La Commission européenne a publié trois rapports sur l’état de l’eau dans l’Union européenne, mardi 4 février, à partir de l’état de la mise en œuvre de la directive-cadre sur l'eau, de la directive sur les inondations et de la directive-cadre 'Stratégie pour le milieu marin'.
Ces rapports s’inscrivent dans la préparation de la stratégie européenne sur la résilience de l’eau prévue pour ce printemps. « Il faut s’inspirer des données factuelles et chiffrées avant de prendre des mesures », a déclaré la commissaire européenne à l’Environnement et à la Résilience de l’eau, Jessika Roswall, le 4 février.
À l'heure actuelle, « moins de 40% des masses d'eau de surface sont en bon état écologique (...) et seul un quart de ces masses d'eau ont un bon état chimique », a constaté la commissaire européenne. Les rapports attribuent principalement cette situation à une contamination généralisée par le mercure et d'autres polluants toxiques. Par ailleurs, la rareté et les sécheresses deviennent des préoccupations croissantes dans l'UE. En Espagne, par exemple, « 74% du pays court le risque de la désertification », a relevé Jessika Roswall.
Pour réparer le cycle de l'eau, la Commission européenne a prôné une approche allant « de la source à la mer ».
Au rang des mesures, la Commission a assuré qu'il faudra réduire la pollution en provenance de l'agriculture et des eaux usées urbaines ainsi que la pollution chimique pour parvenir à une eau saine en Europe en 2050. Protéger le milieu marin demandera d'en restaurer la biodiversité, mais aussi de réduire la pollution par les nutriments, les substances chimiques et le bruit sous-marin.
Par ailleurs, les États membres devront désormais « penser circularité de l'eau et efficacité hydrique », selon Mme Roswall. La question des financements a été soulevée.
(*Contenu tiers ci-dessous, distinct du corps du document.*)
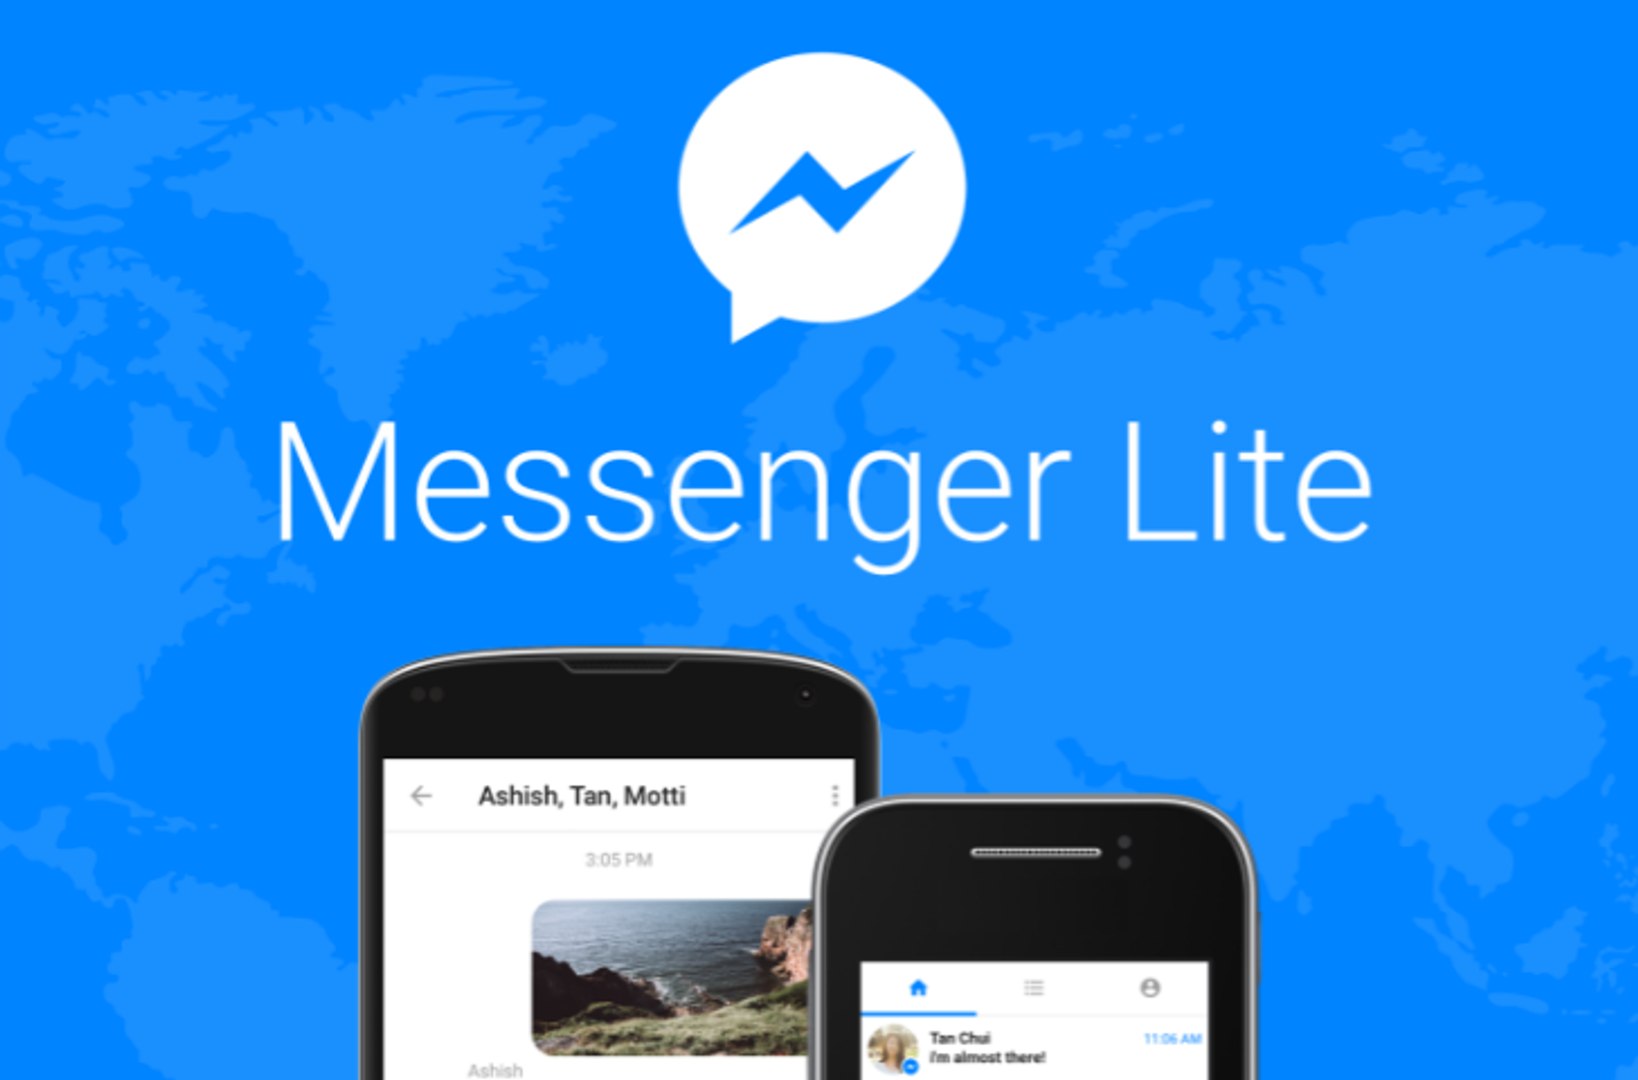 Facebook Messenger Lite 1 1 Apk For Android 2 3 And Up Review With

Le rapport dédié à cette dernière suggère de renforcer la planification et les capacités administratives, de privilégier des solutions basées sur la nature (restauration des écosystèmes) et des mesures de préparation (systèmes d'alerte précoce et de sensibilisation).
« Il y a un arsenal législatif au niveau européen - a reconnu Jessika Roswall -, mais c'est la mise en œuvre qui fait défaut ». Pour y pallier, elle a prévu « d'engager un dialogue structuré avec les différents États membres de l'Union pour une dynamique politique en faveur du changement ». Ce qui ne veut pas dire que la Commission en finira avec les mesures d'infractions auprès de la Cour de justice européenne, a prévenu la commissaire européenne. « Nous jouons avec tous les outils dont nous disposons » afin de parvenir à une bonne mise en œuvre, a confirmé une source européenne.
La Commission européenne a également lancé un appel à contributions des parties prenantes, mardi 4 février, à qui l'opportunité est donnée d'apporter des suggestions pour la conception de la future 'Stratégie européenne de résilience de l'eau'. Un événement de consultation des parties prenantes se déroulera le 6 mars 2025.
Le Parlement européen a publié un projet de rapport d'initiative sur la résilience de l'eau, jeudi 30 janvier, afin d'influencer la Commission dans l'élaboration de sa stratégie (EUROPE 13570/5).